With Warm Greetings from the Tonhalle
Richard Kessler is a violist in the Tonhalle-Orchester Zürich. And he is a meticulous collector of treasures relating to the history of his second home, the Tonhalle.
A fruit bowl, cutlery and stacks of books. Folders full of copies and postcards - 400 in number. A top hat and a walking stick. Richard Kessler sets up and presents bizarre and adorable things in front of him in the concert foyer. For example, a peepshow from around 1900, the period that fascinates the violist so much. Why is that? Because he likes to make up stories about how people must have lived back then, when the Tonhalle Zurich was opened in 1895.
And because he is interested in architectural history. The answer seems obvious to him: "This building and its history are close to my heart," he says, because he has been playing in the orchestra for more than a quarter of a century. But his collecting instinct was awakened in his first years in the orchestra, when he was still new in Zurich – by a discovery in the chess room, a lounge of the orchestra. There hung a view of the long since demolished Trocadéro building. Richard Kessler asked a colleague what a beautiful building it was, and from then on he regularly went to the Saturday flea market on Bürkliplatz and searched for clues in libraries, second-hand bookshops, at auctions, and today also on the internet.
Skyline from back then
The objects Richard Kessler has with him are all connected to the various stages of the Tonhalle Zurich: the fruit bowl shows the two turrets of the building from 1895, the cutlery contains an engraving of the former Kongresshaus restaurant, the books deal with the architectural history of the building. "The theatre buildings of Fellner and Helmer" is one of them, he flips out what he is looking for in a flash, the work is very present. The wife of one of the two architects had been present at an opera fire in Vienna, where there was a panic as the audience fled. For this reason, the doors to the Tonhalle hall were opened from the inside to the outside, a modern safety measure for the time.

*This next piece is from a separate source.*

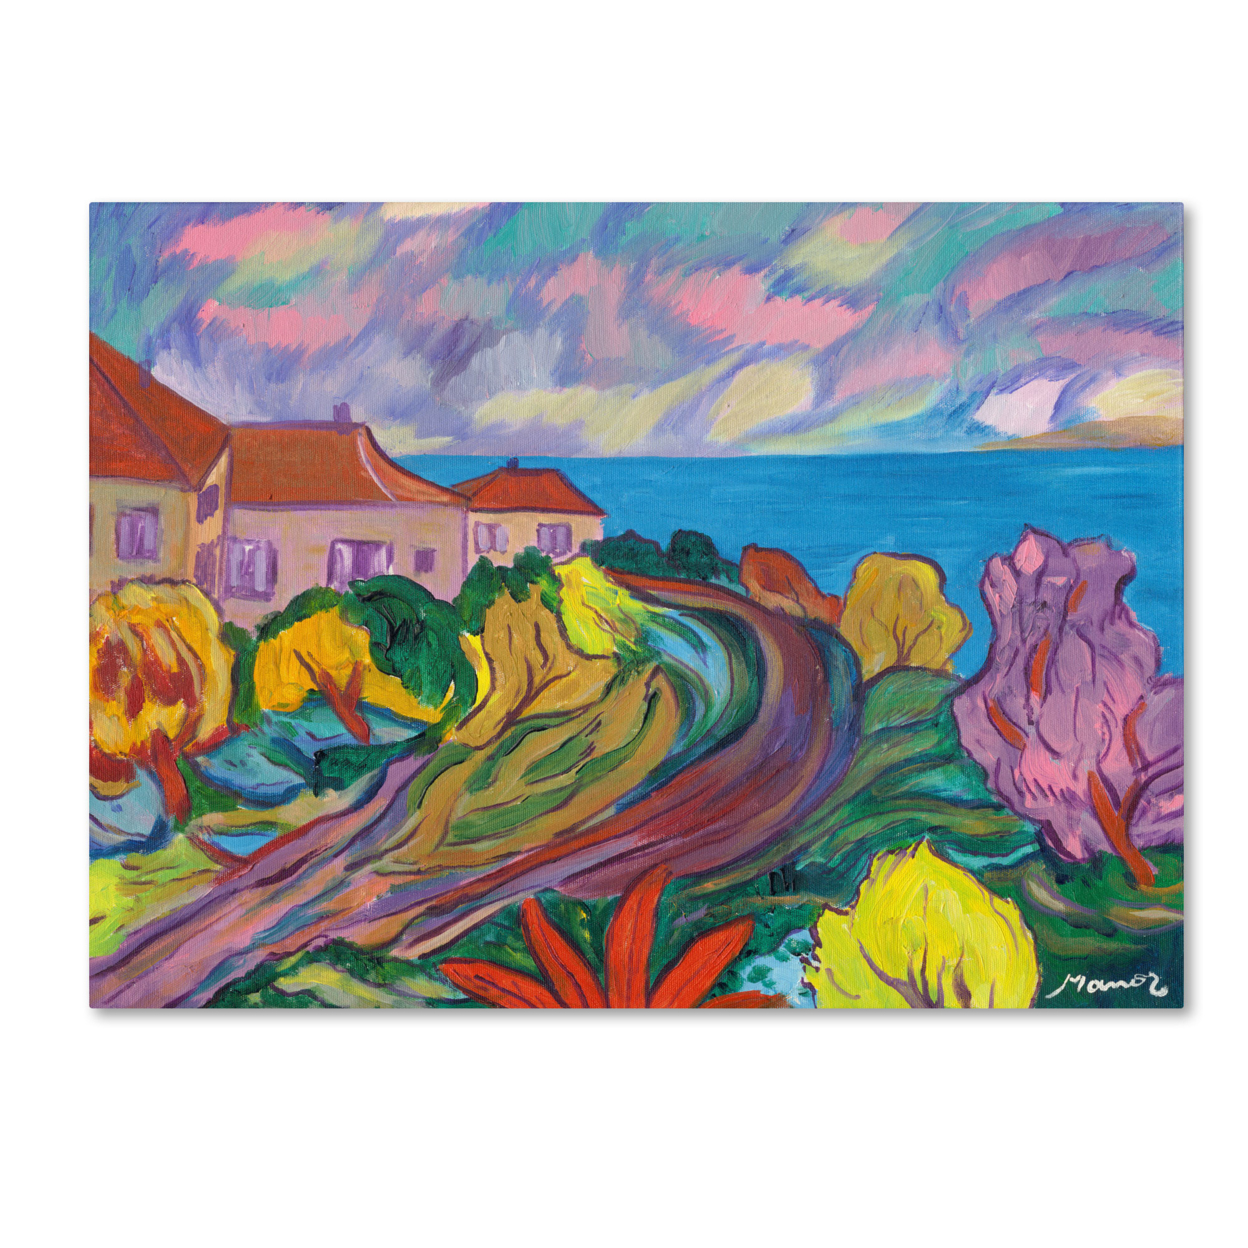 Manor Shadian 'Winding Path By Ocean' Canvas Wall Art 35 X 47 Inches

The copies, which Richard Kessler has neatly filed in folders, were made in the architectural history archive. They show various exterior and interior views of the Tonhalle and the Kongresshaus, so that with a little patience the development of every corner can be traced. Parties were held in the pavilion, "which was probably a disaster acoustically, an oval hall, very difficult". Richard Kessler flips out a picture showing a cloth on the ceiling - "to improve the acoustics". A picture in the small hall before the demolition shows how household goods were sold, "maybe my cutlery was lying around there too?" He is particularly fascinated by the postcards. Some of them have texts that do not tell about concerts in the Tonhalle, as one might assume, but sometimes simply represent an appointment or a greeting from Zurich. "Red Castle, White Castle, Tonhalle. What a skyline!" This was simply Zurich's landmark, Richard Kessler surmises – and thus available on postcards in vast quantities.

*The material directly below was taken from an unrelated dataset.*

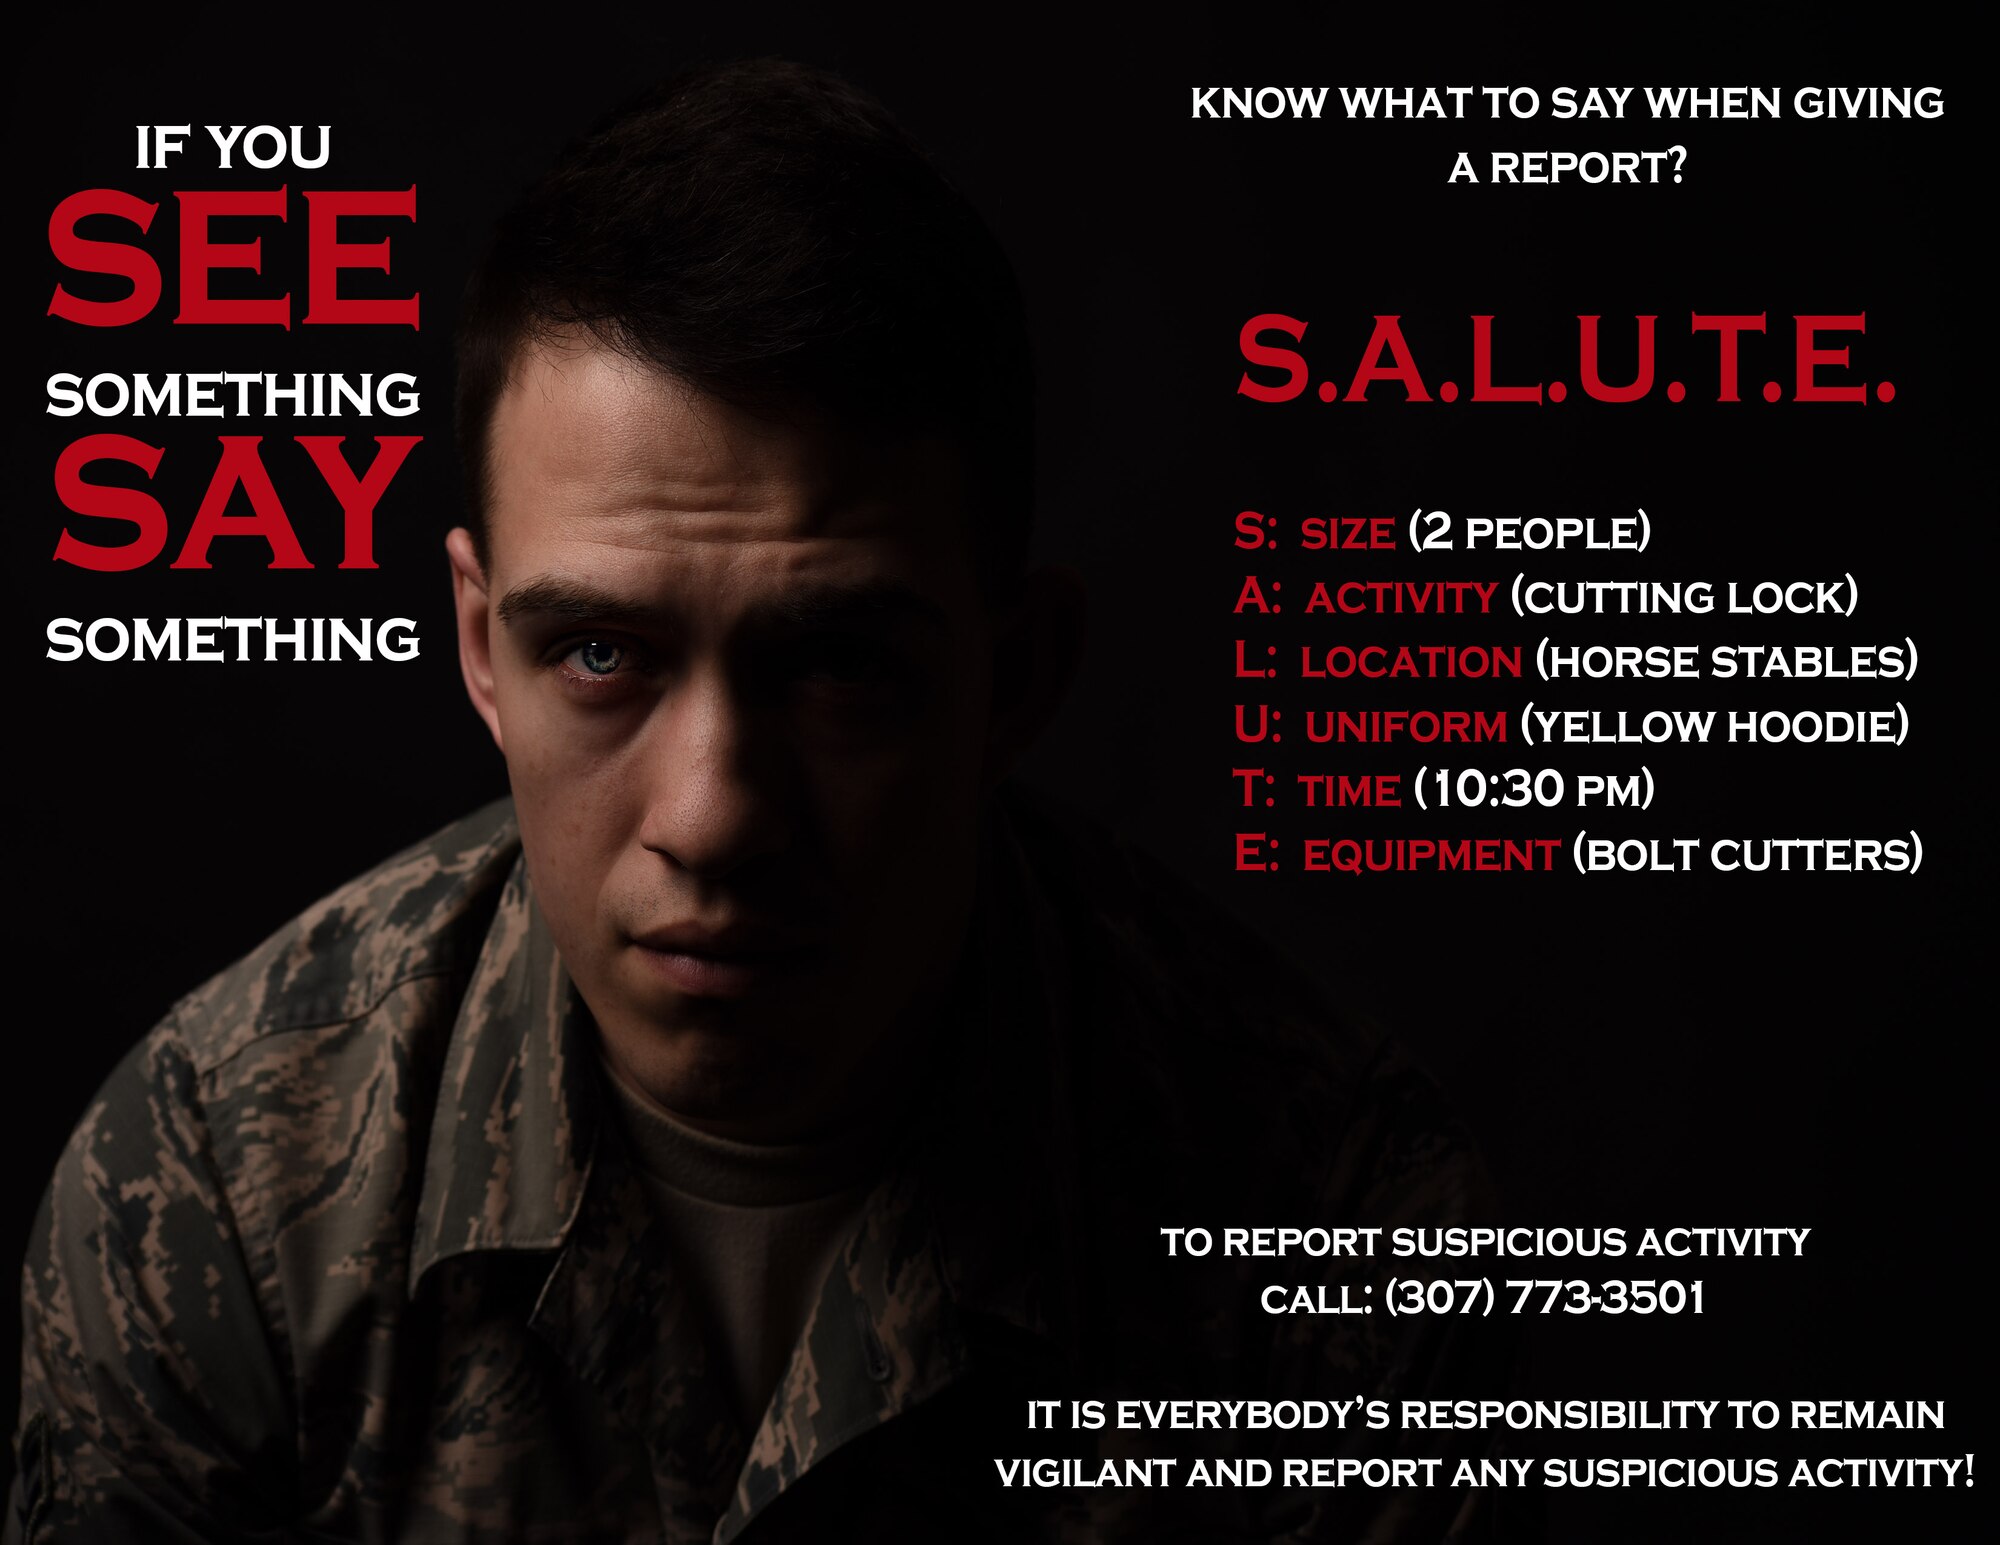 Graphic explains SALUTE, which stands for size, activity, location, uniform, time, and equipment.

The early views also show the old gate, which has now found its new place opposite the main entrance to the Tonhalle.
A trip into the past
The views show early cars, strolling people in clothes that hint at the twenties. Richard Kessler says he would like to escape to that time for a few hours, perhaps take part in the social life around the concert business on the terrace of yesteryear: "One person told me his grandparents met there, isn't that nice?" Postcards from the time of the Seegfrörni in 1929, when the turrets of the old Tonhalle were still there, are particularly popular and often seen, which is another reason why they are among Richard Kessler's favourites: "I'm a bit at war with modernism." He has little sympathy for the elements of the New Building style to which the old Tonhalle had to make way, for this kind of economisation.
Stage people, displaced in time
On the older views from General- Guisan-Quai, the old gate of the Tonhalle Zurich can also be seen, which has now found its new place opposite the main entrance, something Richard Kessler is particularly pleased about: "I think it's so beautiful how they've derusted it, that they've invested money and love - that's appreciation." In pictures, he thinks he can make out missing busts that were on an earlier view: "I wonder where they are? On some mantelpiece?" There must be a lot more material that could have suffered the same fate as the gate. Richard Kessler knows from former managing director Jürg Keller, for example, that he received a wing door from the vestibule to the first floor as a souvenir on his retirement.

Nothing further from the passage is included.